Data for this exercise:
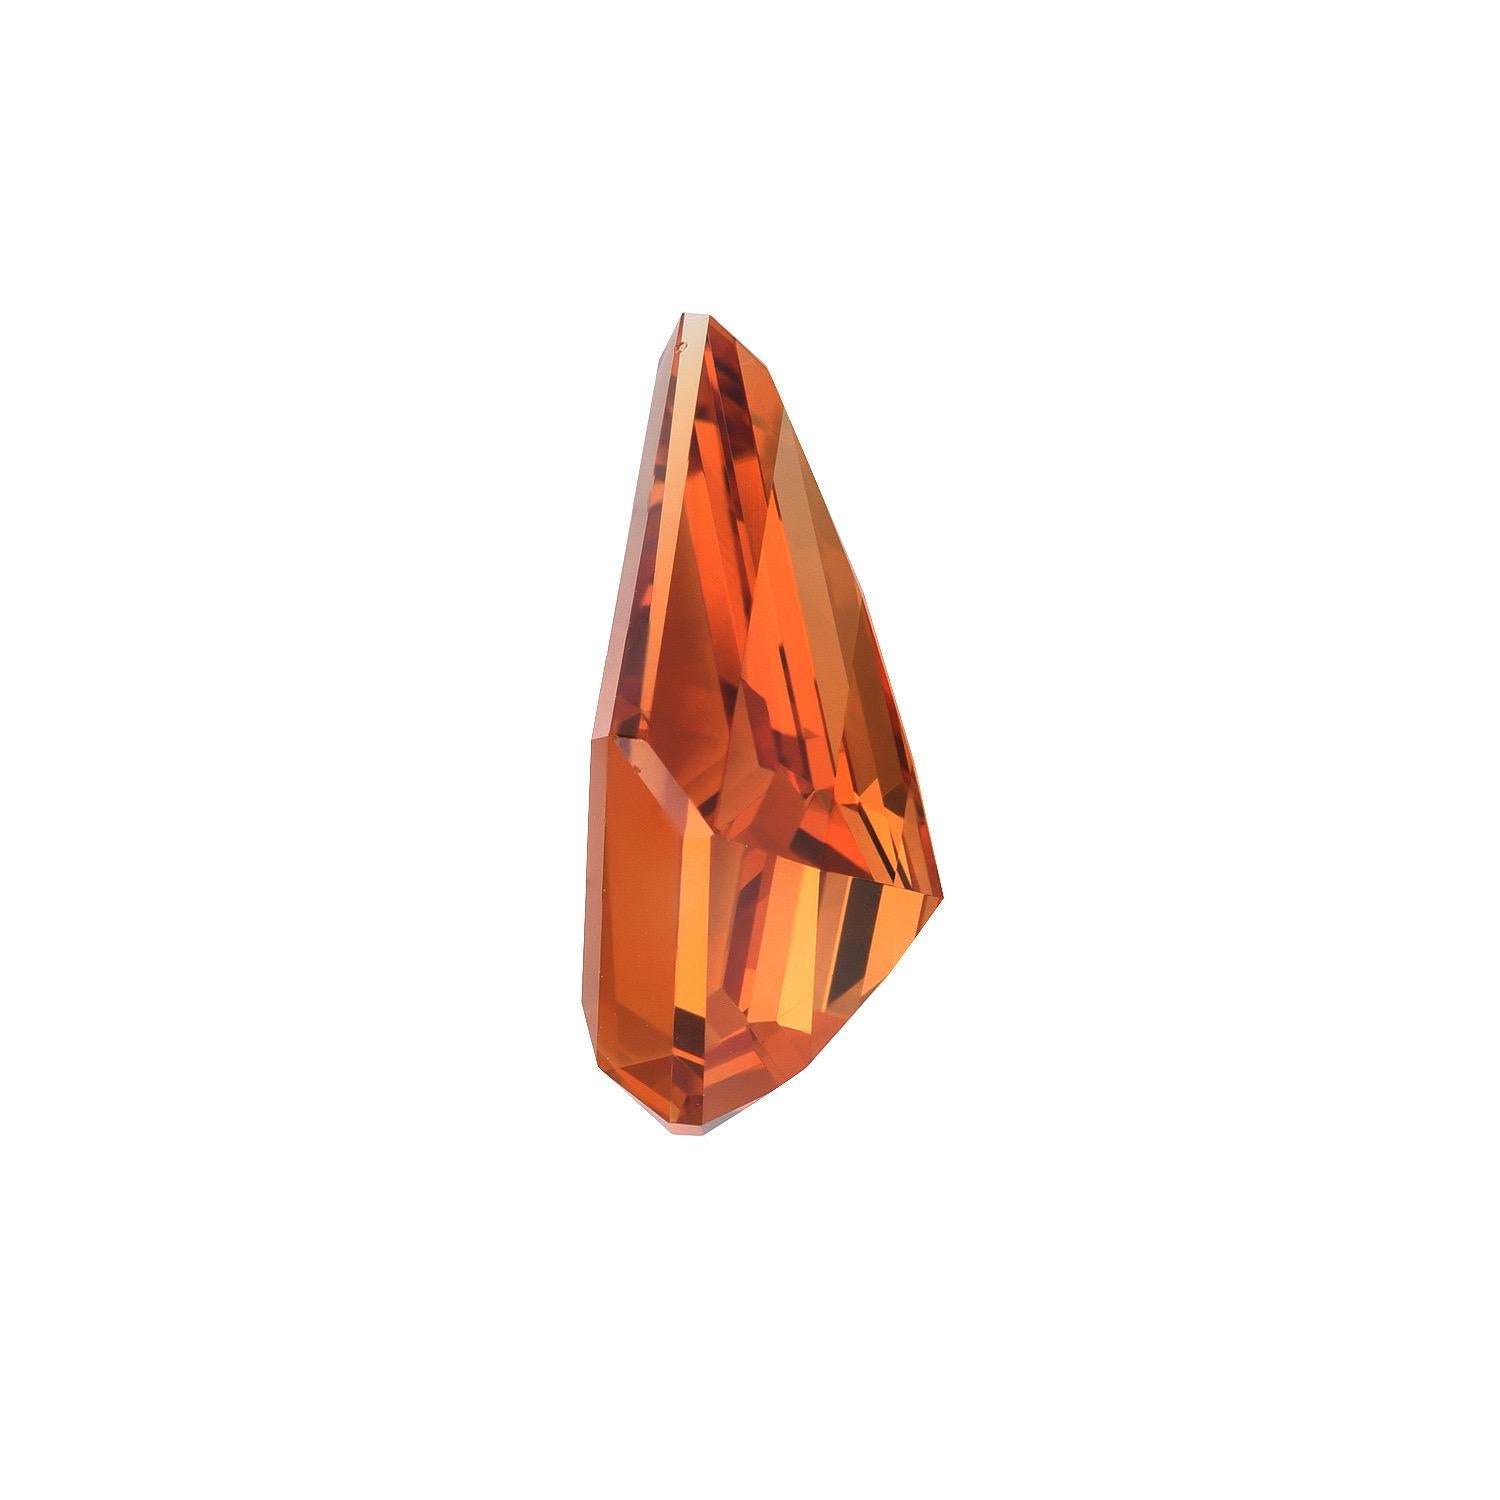 3.69 carat Mandarin Garnet Kite shaped loose gemstone, offered unmounted to a unique gem collector.
Returns are accepted and paid by us within 7 days of delivery.
We offer supreme custom jewelry work upon request. Please contact us for more
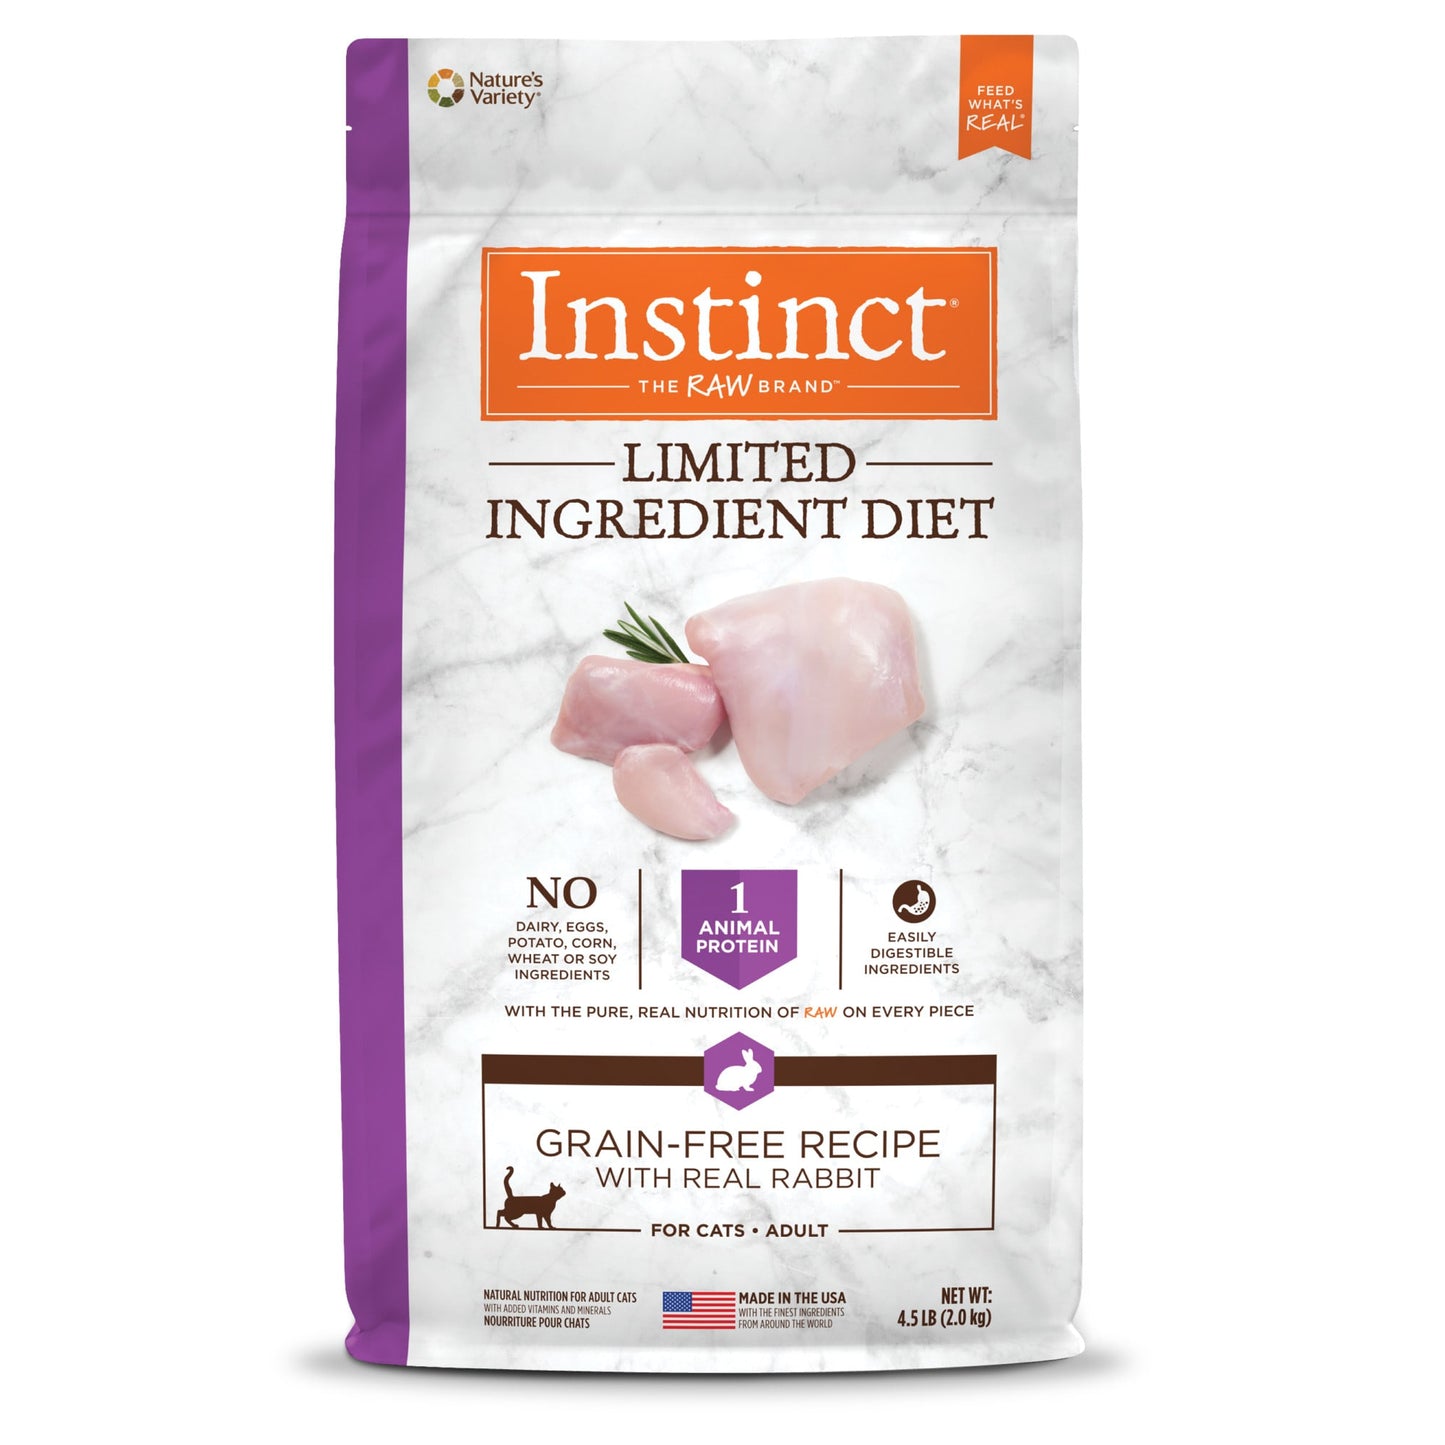 Instinct Limited Ingredient Diet Grain-Free Recipe with Real Rabbit Natural Dry Cat Food by Nature s Variety  4.5 lb. Bag
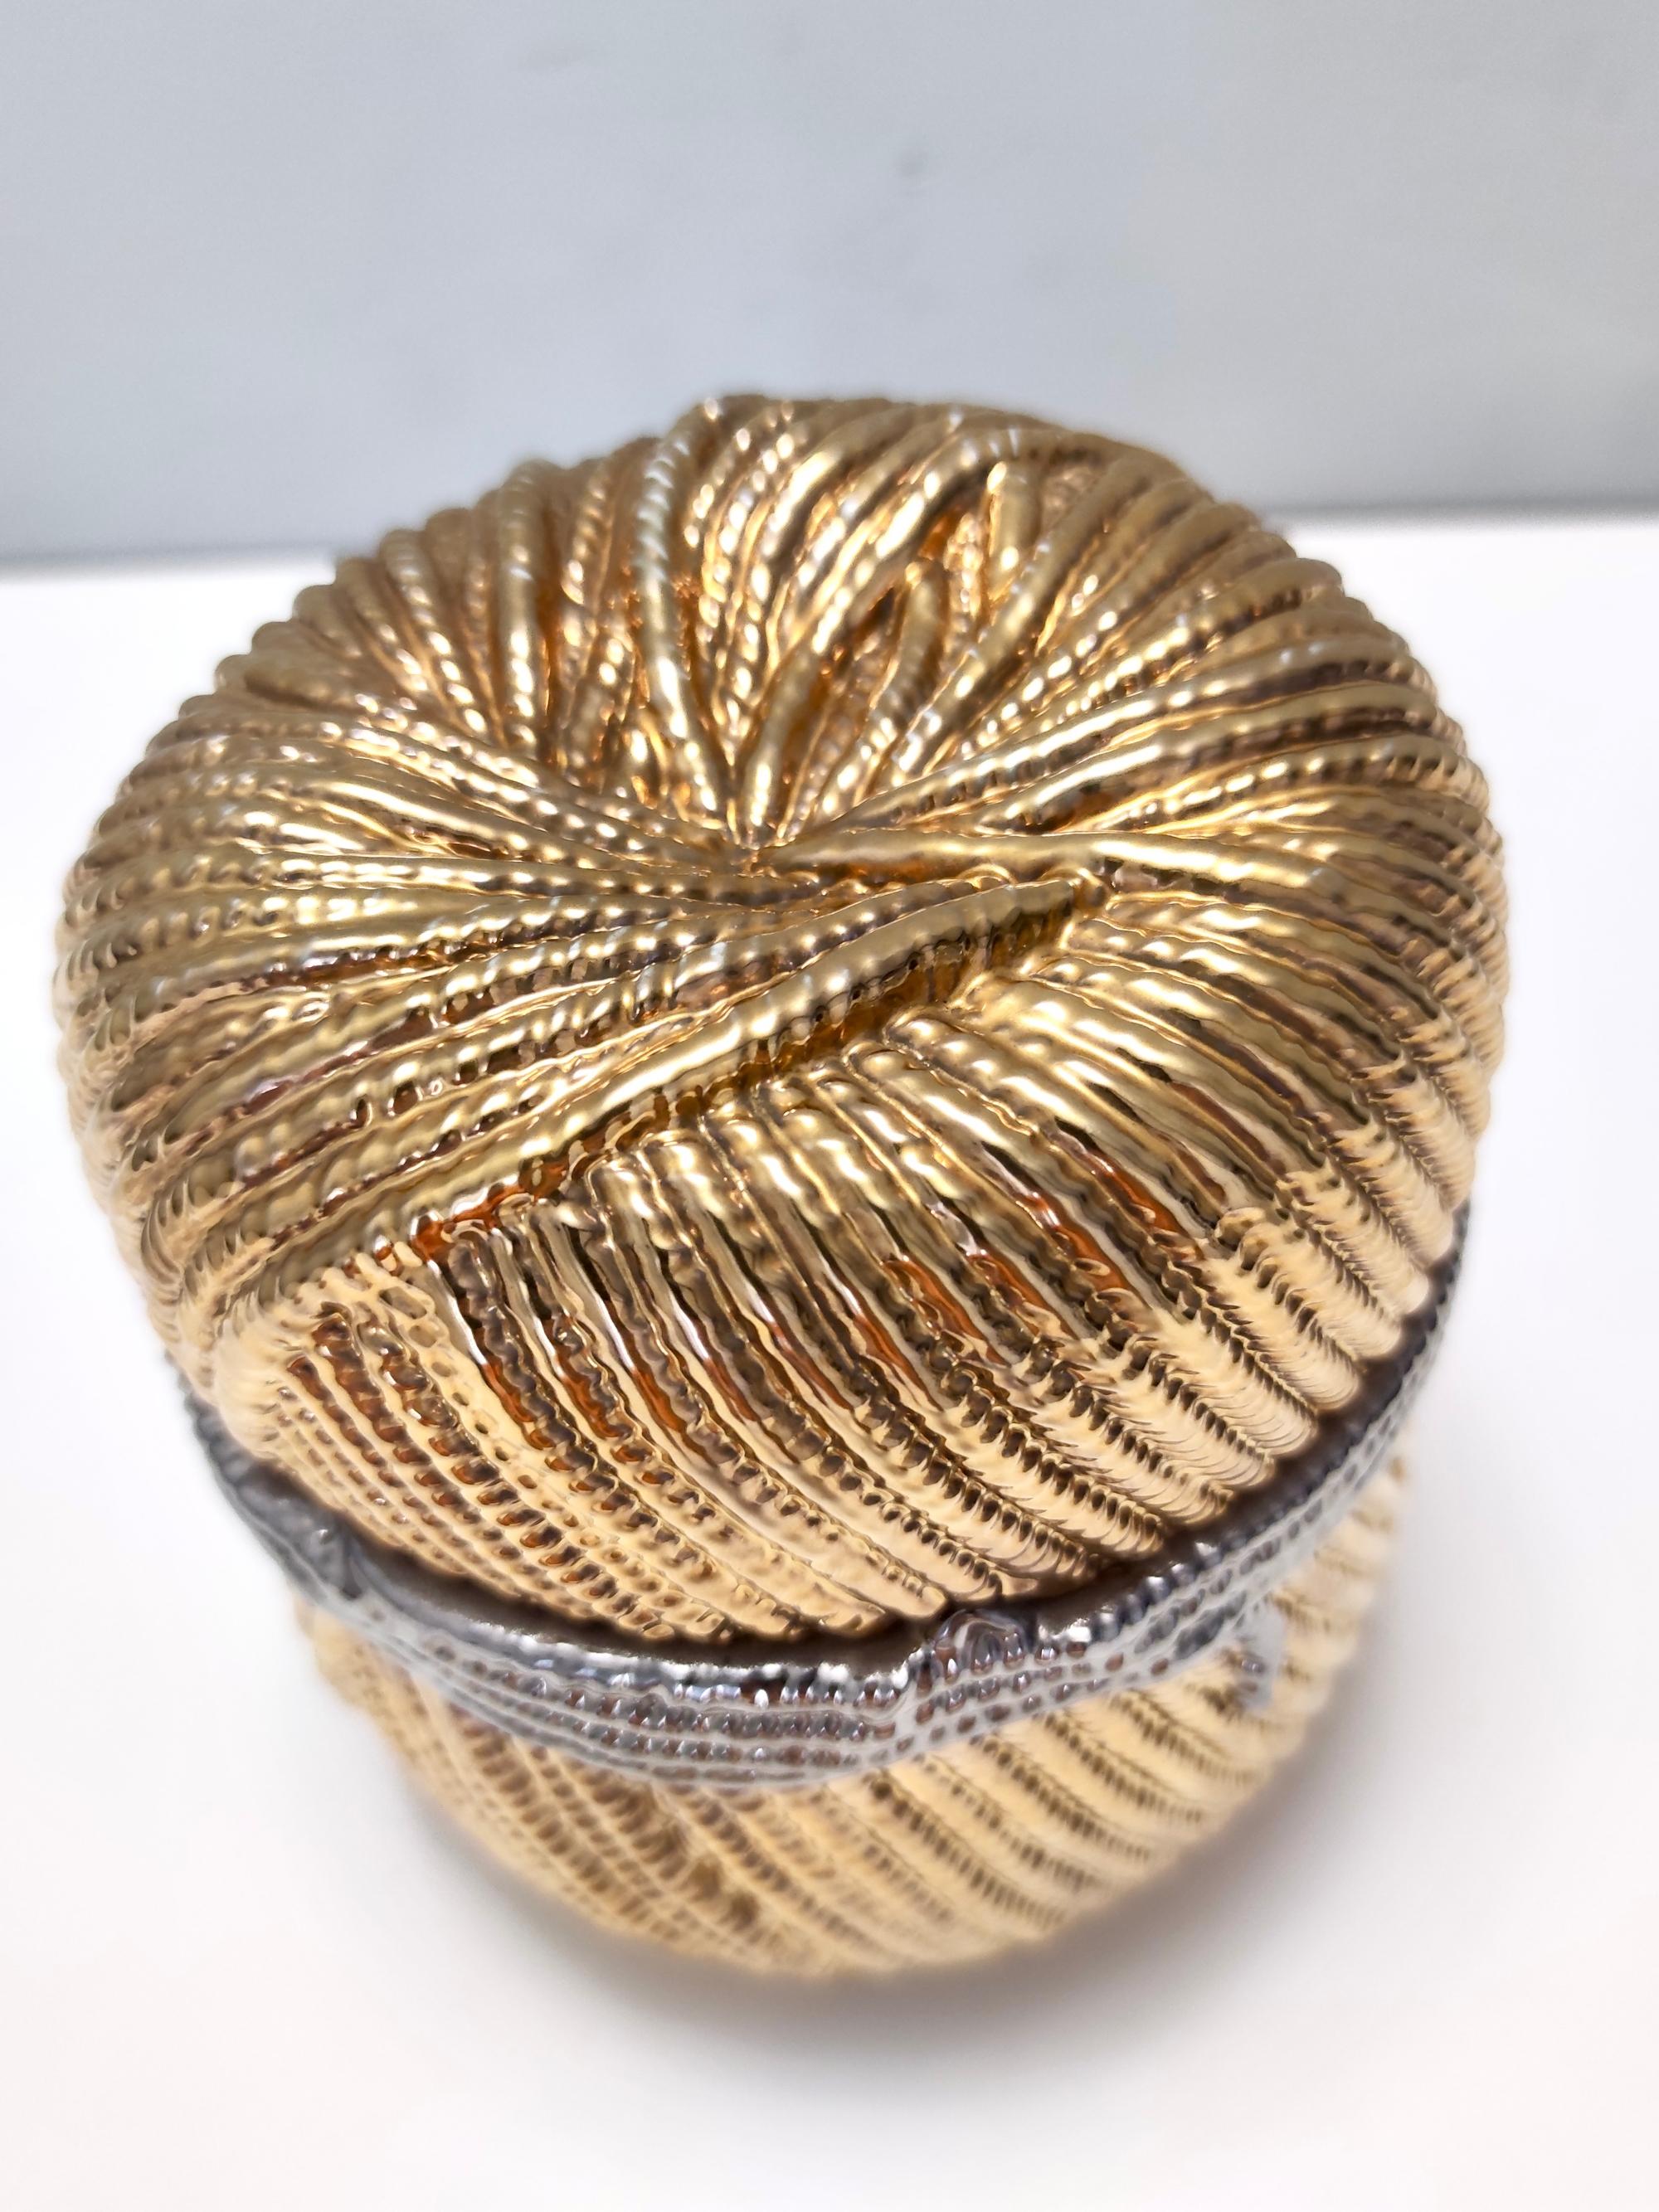 Late 20th Century Postmodern Gold and Silver Ceramic Trinket Bowl / Box by San Marco, Italy For Sale
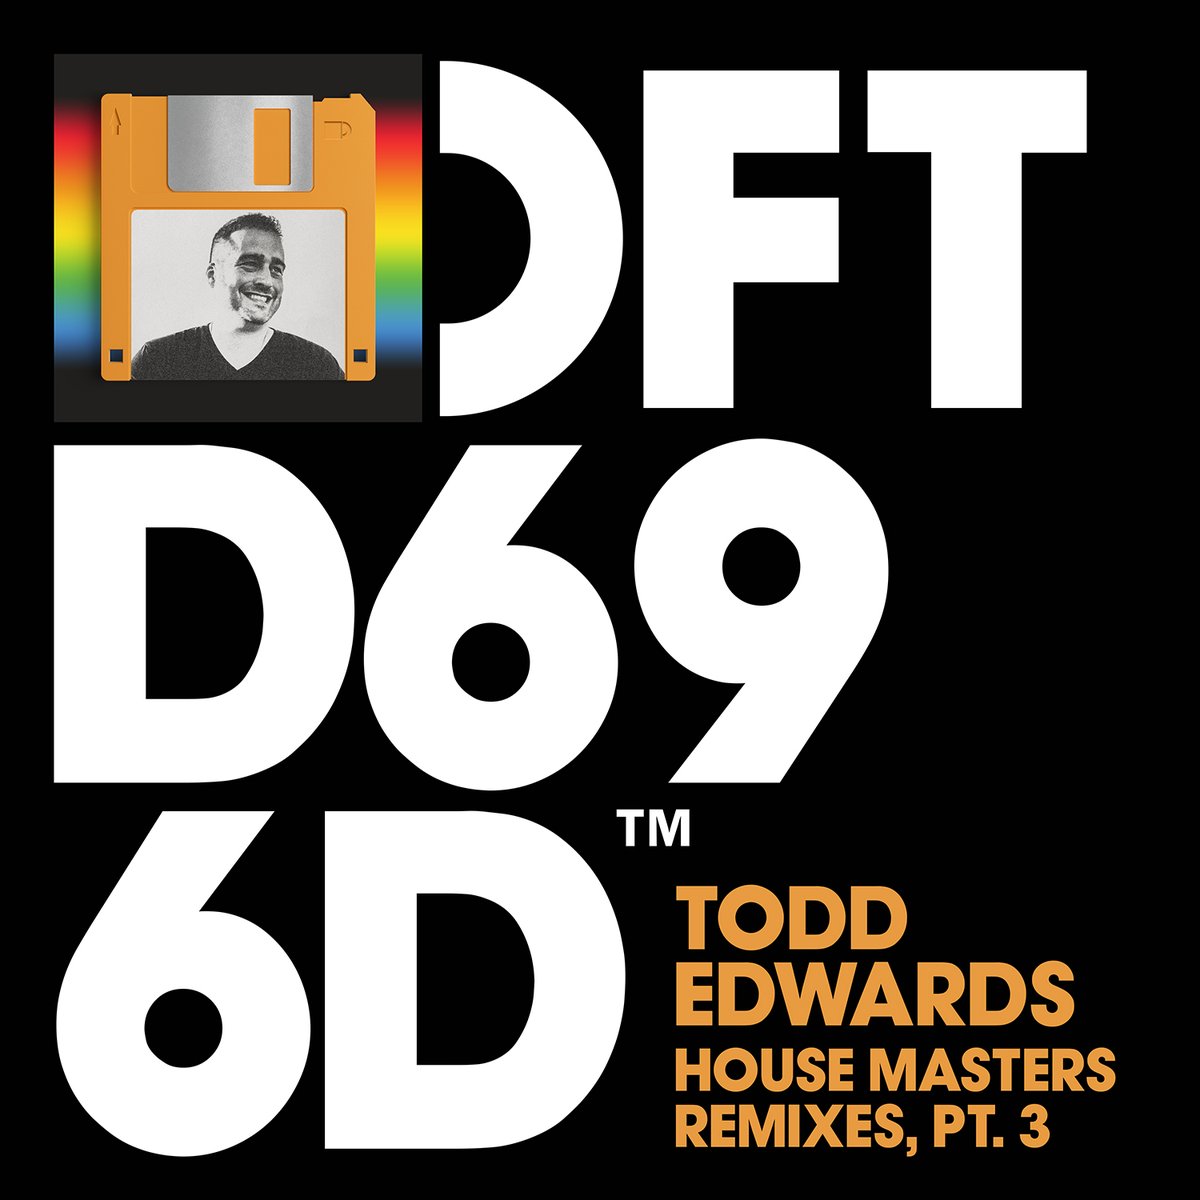 The 3rd instalment of the legendary @toddedwards3000 House Masters Remixes has landed!

Featuring 4 new remixes for your ears, courtesy of @itsbiscits, @djqmusic, @LPGiobbi & @atrak 

On promo and out now on @DefectedRecords

The task: Write out an exact transcription of the line with "Featuring 4 new" and of each line after it; stop at the end of the records.

Answer space:
Featuring 4 new remixes for your ears, courtesy of @itsbiscits, @djqmusic, @LPGiobbi & @atrak 

On promo and out now on @DefectedRecords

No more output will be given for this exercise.